What is a time-series database?

22 Nov 12:42

3 min. read

Нотатки про Ruby та RoR

@kovbaska

Post cover: What is a time-series database?

Table of contentsClick link to navigate to the desired location

Why MySQL and PostgreSQL are not suitable for time-series

This content has been automatically translated from Ukrainian.

View Original

Time-series database is a type of storage optimized for time-bound data. Each record in such a system has a timestamp, and time is the main characteristic by which this data is stored, read, and analyzed. Such databases are designed for large streams of events that continuously arrive and are mostly not modified after being recorded.

These databases are used in server monitoring, financial systems, web traffic analytics, IoT devices, or any processes where it is important to see the dynamics of metrics. For example, changes in CPU load over the past hours, sensor temperature every second, or fluctuations in stock indices throughout the day.

Time-series databases provide fast reading of large time ranges, efficient aggregations, compression, and the ability to quickly delete old data without harming performance.

Among popular implementations are InfluxDB, TimescaleDB, Prometheus, VictoriaMetrics, and even Elasticsearch, which is often used for time-series analytics due to its ability to quickly index events and perform aggregated queries. This makes such databases indispensable for monitoring systems, analytics, and working with high-frequency data, where time is a key factor.

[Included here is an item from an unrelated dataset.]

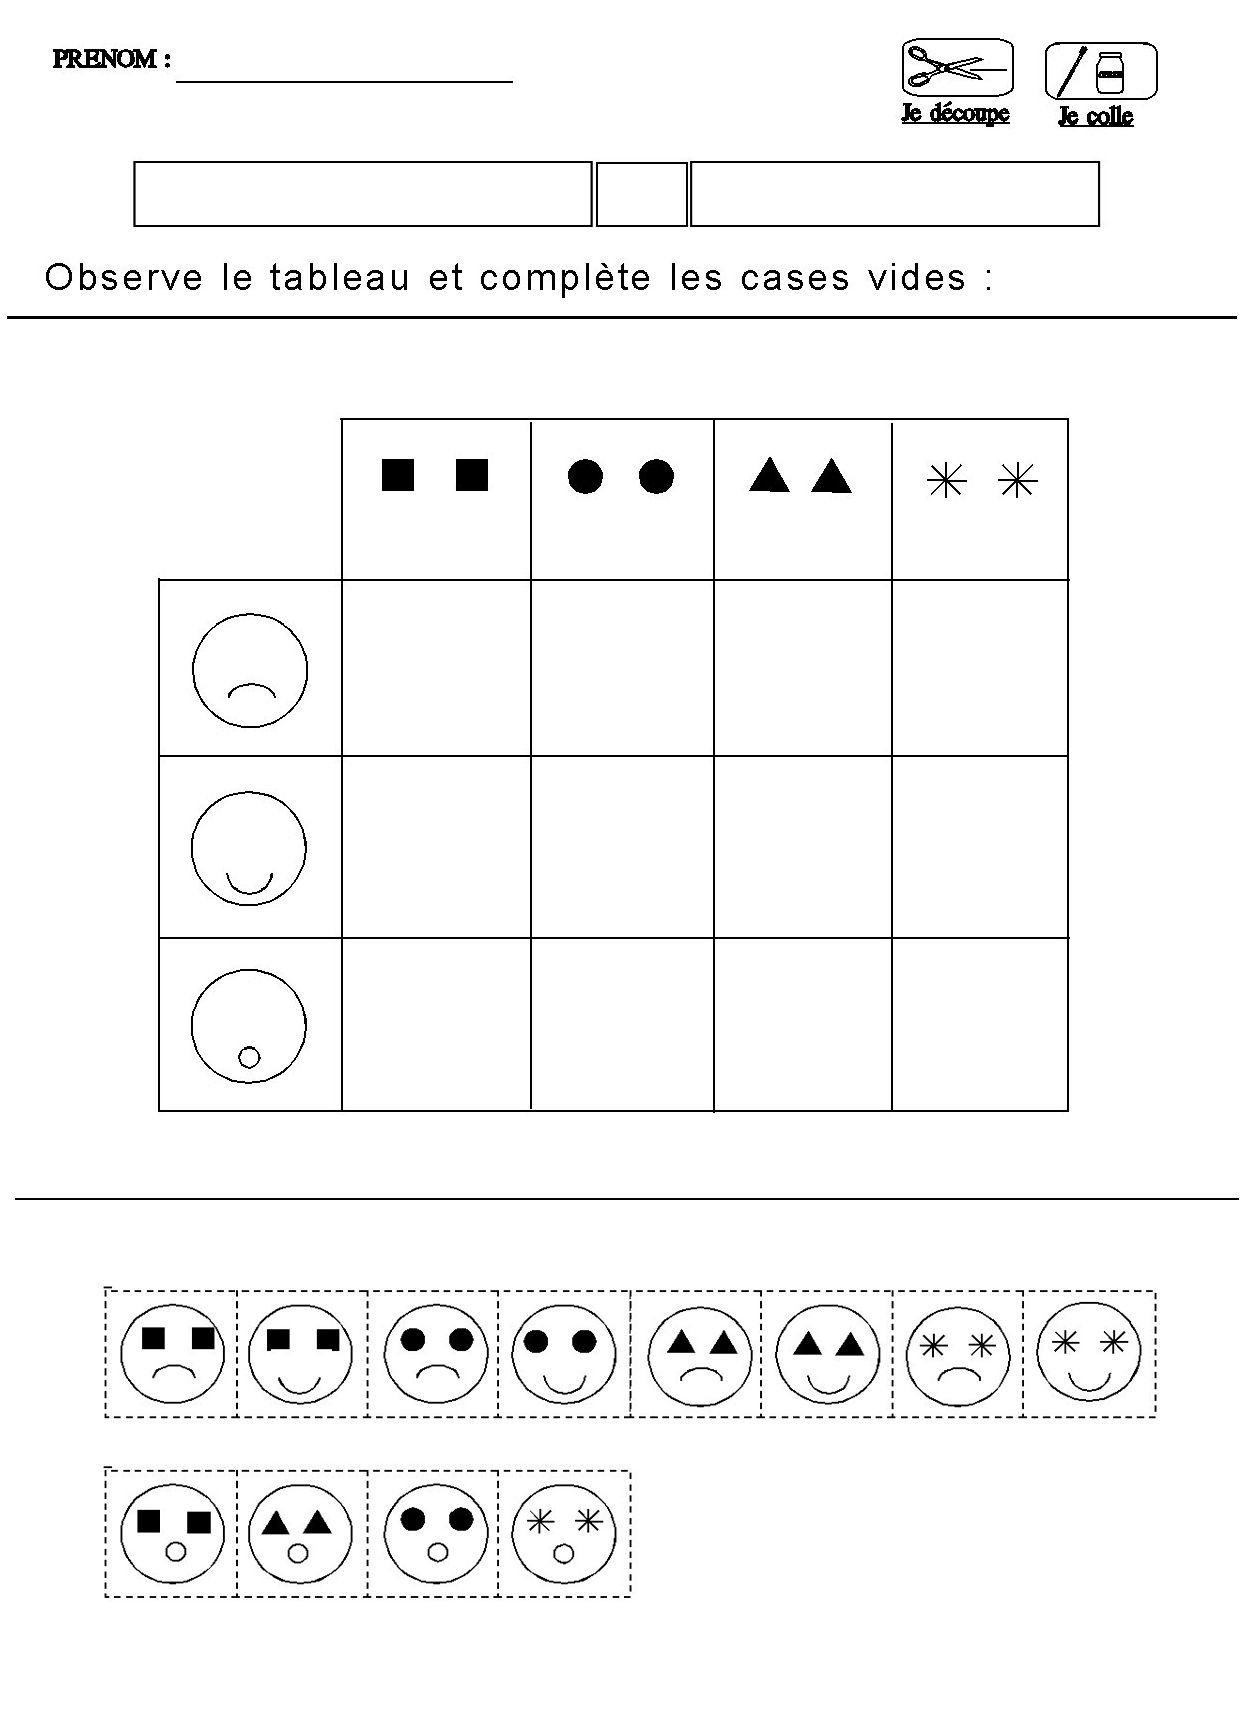 Tableau Double Entrees Pour Maternelle Moyenne Section encequiconcerne Exercices Moyenne Section Maternelle À Imprimer

MySQL and PostgreSQL can be used for time-series, but they scale poorly under such loads. The reason is not that they are "bad," but that their architecture is not designed for very frequent inserts and huge volumes of data organized specifically by time.

Why MySQL and PostgreSQL are not suitable for time-series

In classical relational databases, records are stored in tables, and indexes are in B-trees. When data is continuously added over time (every second or even every millisecond), the index starts to quickly "inflate," memory segments become fragmented, and frequent INSERTs create a load on page locking and the transaction log. As a result, the database begins to slow down, especially when data is measured not in millions, but in hundreds of millions or billions of rows.

The second drawback is aggregations over large time ranges. For example, getting the "average temperature over three months" in MySQL or PostgreSQL is a slow scan over a huge table. In time-series databases, these operations are performed instantly because they are immediately optimized for range queries and store data in an easily aggregatable format.

Another issue is the deletion of old data. In PostgreSQL, this causes massive bloat and requires VACUUM, which constantly overloads the system. In MySQL, the situation is no better: when a large number of old records are deleted, tables and indexes become fragmented, and performance drops. In time-series databases, this is architecturally resolved: old data is stored in separate "chunks" and simply discarded in whole blocks without load.

Also, regular SQL databases do not have efficient data compression optimized specifically for sequences of values over time. In time-series stores (InfluxDB, VictoriaMetrics, Prometheus), compression allows storing the same data 5–20 times more compactly.

In summary: MySQL/PostgreSQL work great with classical transactional data, but with large streams of telemetry, logs, or sensor readings, their performance quickly drops. Time-series databases are specifically designed for such loads: they optimize the writing, storing, reading, and deleting of time-bound data.